Monday, May 06, 2019, 11:47 GMT+7
Vietnam must not cling onto low-cost labor status: PM
Vietnamese Prime Minister Nguyen Xuan Phuc (R) shakes hands with workers’ representatives at an annual dialogue in Ho Chi Minh City on May 5, 2019. Photo: Duyen Phan / Tuoi Tre

Vietnam cannot brand itself as a cheap labor country and must strive to innovate if it was to compete economically on a global scale, Prime Minister Nguyen Xuan Phuc stressed at a dialogue with workers’ representatives in Ho Chi Minh City on Sunday.

Skilled workers create a chance for competitive development as Vietnam is intensively and extensively integrating into the world economy, PM Phuc said at the fourth edition of the annual meeting, joined by hundreds of workers from the country’s seven key economic regions.

Less than 19 percent of Vietnam’s 55.3 million working-age population are made up of skilled workers – those who have an intermediate professional education diploma or higher qualifications, the government leader said.

It is a modest number considering the high demands of building a competitive economy, he stressed.

“We must build a workforce that is better in both quality and quantity,” PM Phuc said.

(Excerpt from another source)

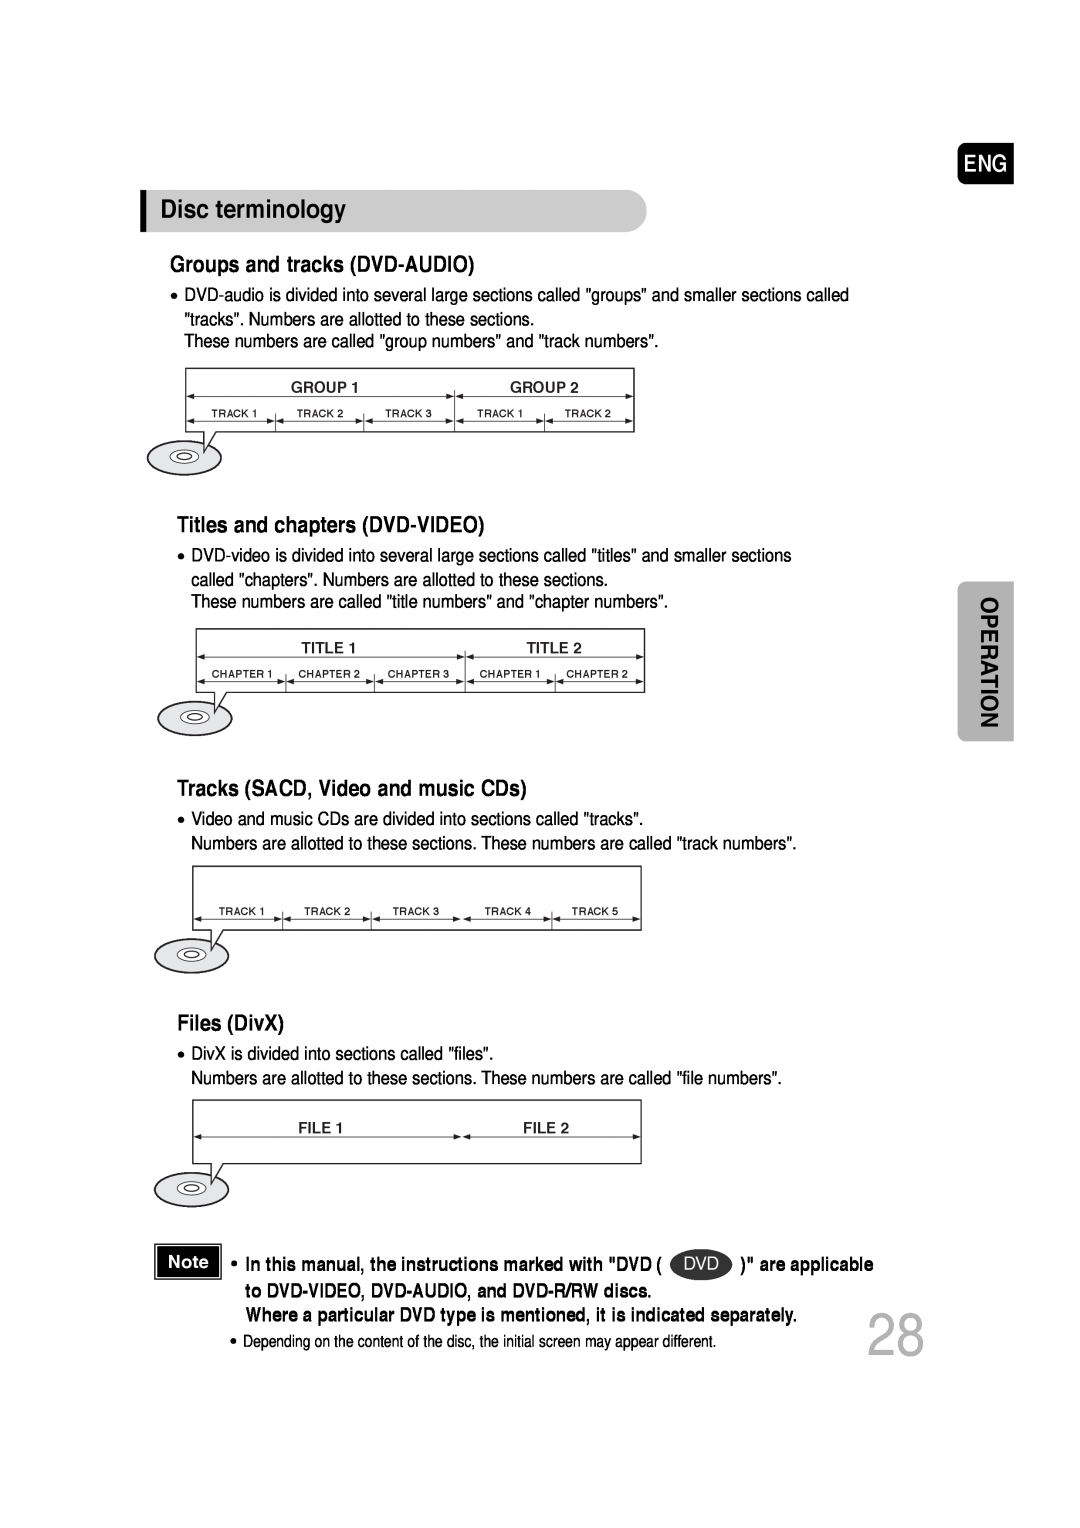 Samsung AH68-01720S Disc terminology, Groups and tracks DVD-AUDIO, Titles and chapters DVD-VIDEO, Files DivX, Operation

Specific policies must become available to improve Vietnam’s number of highly-skilled workers, as they are a “national treasure” that serves as a locomotive for economic development and a magnet for foreign investment.

A skilled worker can earn five to ten times more than his or her low-skilled peers, the Vietnamese leader said.

“You don’t have to worry about robots taking your jobs when you are highly skilled,” he added.

Underlining Vietnam’s need to avoid going down the path of becoming a “low-cost labor country," the premiere said innovation and inventiveness are qualities any worker should strive for in this modern age.

Concluding the dialogue, PM Phuc affirmed that the government will continue to work out policies to raise workers’ salary and welfare.

He urged workers to never stop training professionally and to spend more time “reading books” to improve their knowledge of relevant issues.

“If you don't go the extra mile training yourself, success is not yours for the taking,” he said.